» Data below

=======

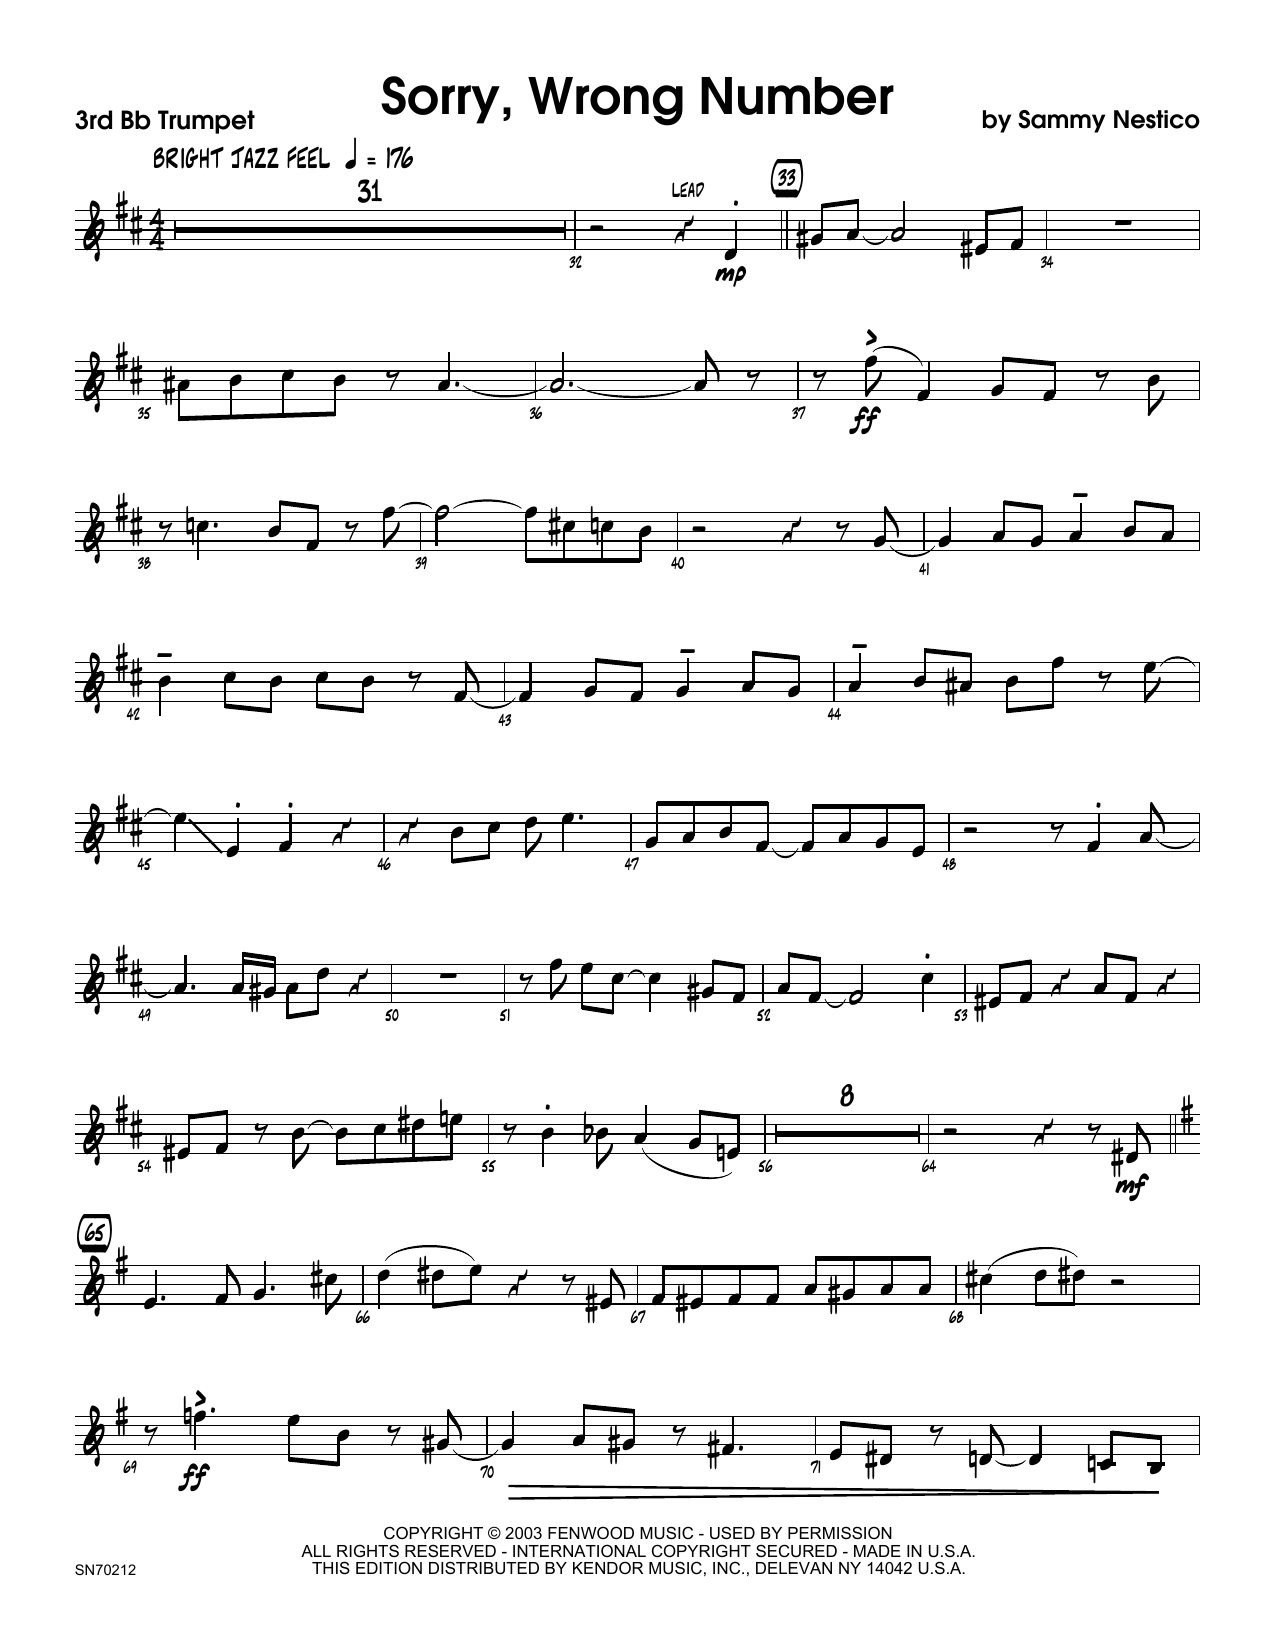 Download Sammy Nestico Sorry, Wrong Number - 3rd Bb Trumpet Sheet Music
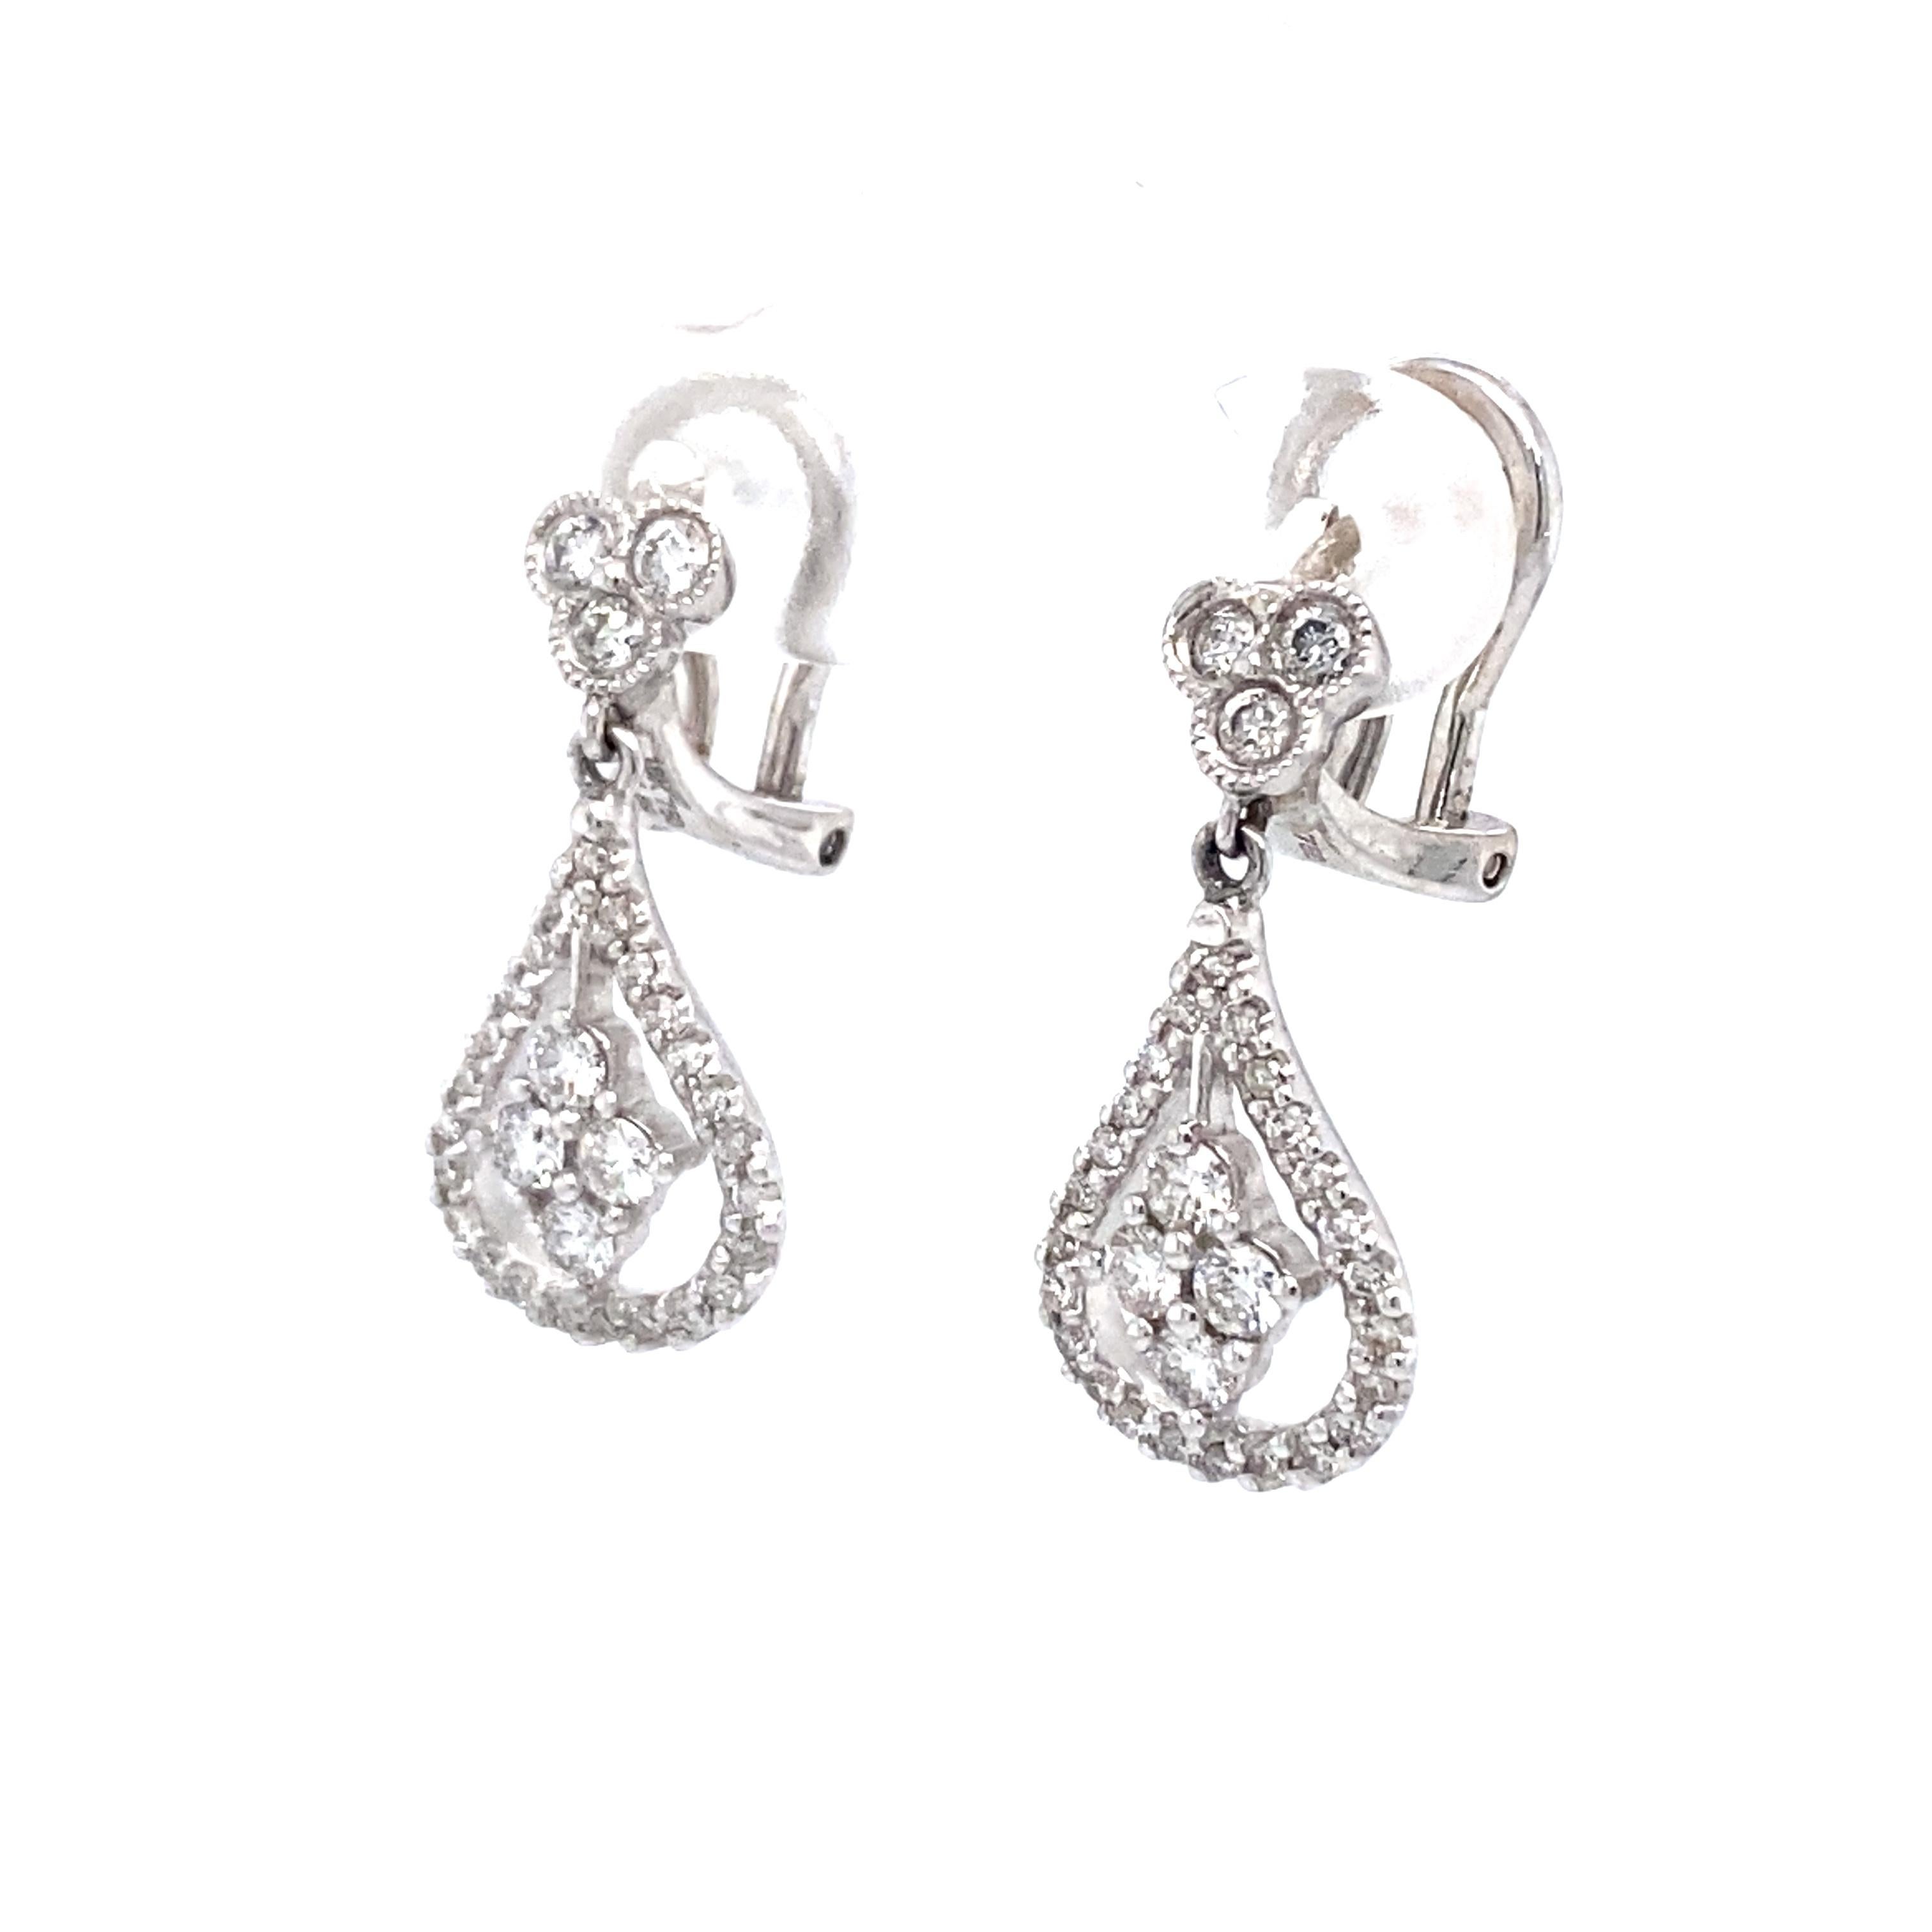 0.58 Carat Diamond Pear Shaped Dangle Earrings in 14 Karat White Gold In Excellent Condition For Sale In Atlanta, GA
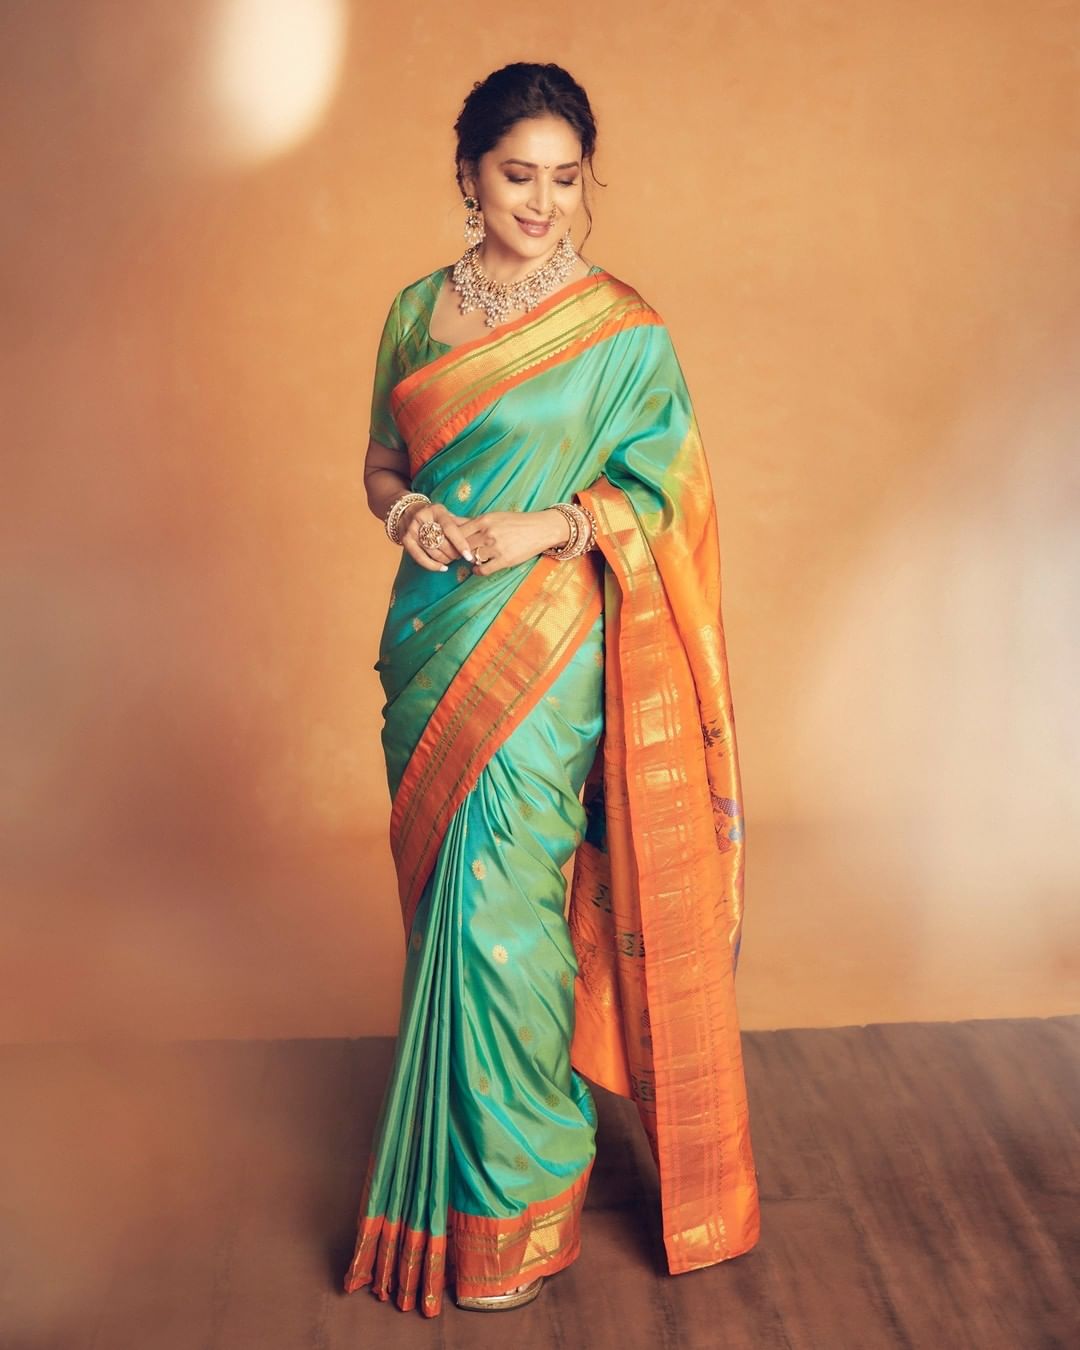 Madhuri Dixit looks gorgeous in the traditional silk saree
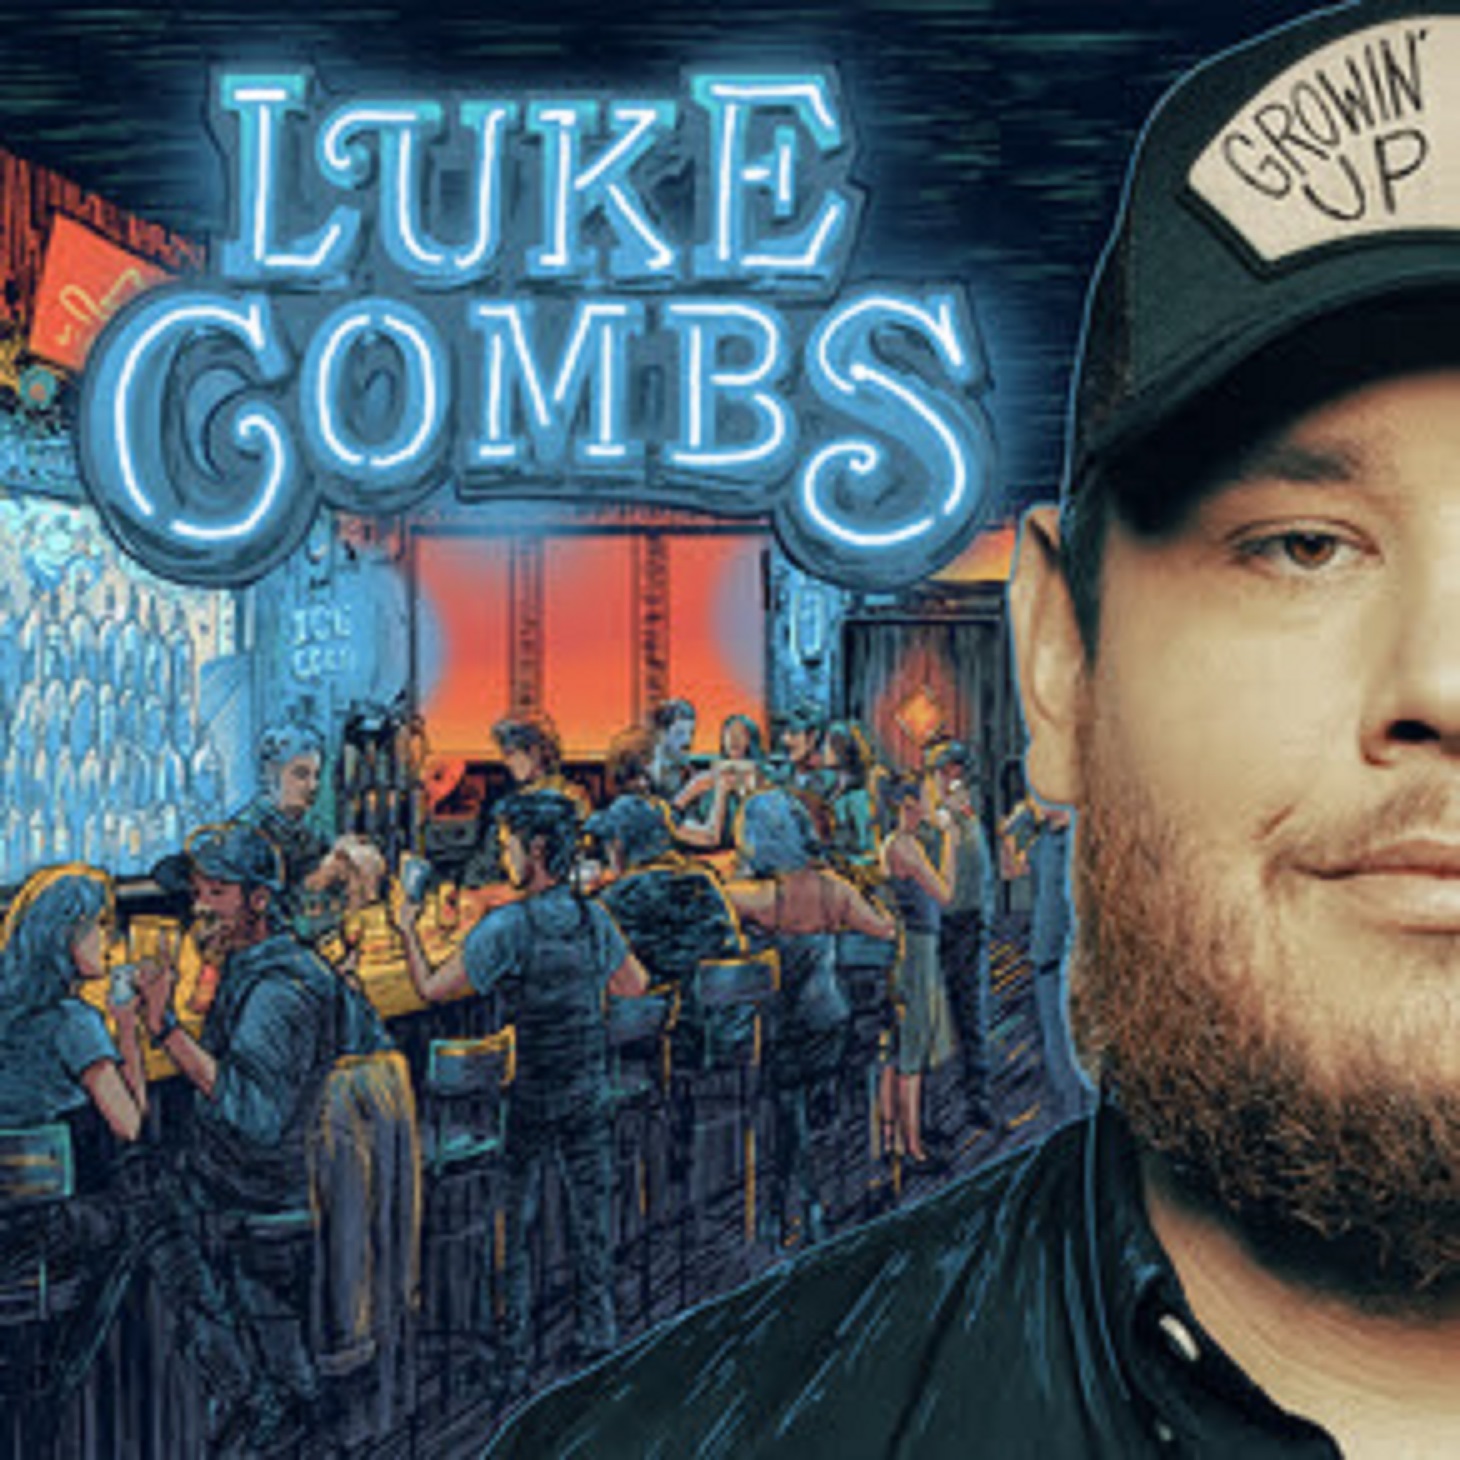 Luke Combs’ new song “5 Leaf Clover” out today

=======

» Task directions
Copy out the listing exactly as it stands, but not the pictures.

» Exercise response
 Download Sammy Nestico Sorry, Wrong Number - 3rd Bb Trumpet Sheet Music
 0.58 Carat Diamond Pear Shaped Dangle Earrings in 14 Karat White Gold In Excellent Condition For Sale In Atlanta, GA
 Madhuri Dixit looks gorgeous in the traditional silk saree
 Luke Combs’ new song “5 Leaf Clover” out today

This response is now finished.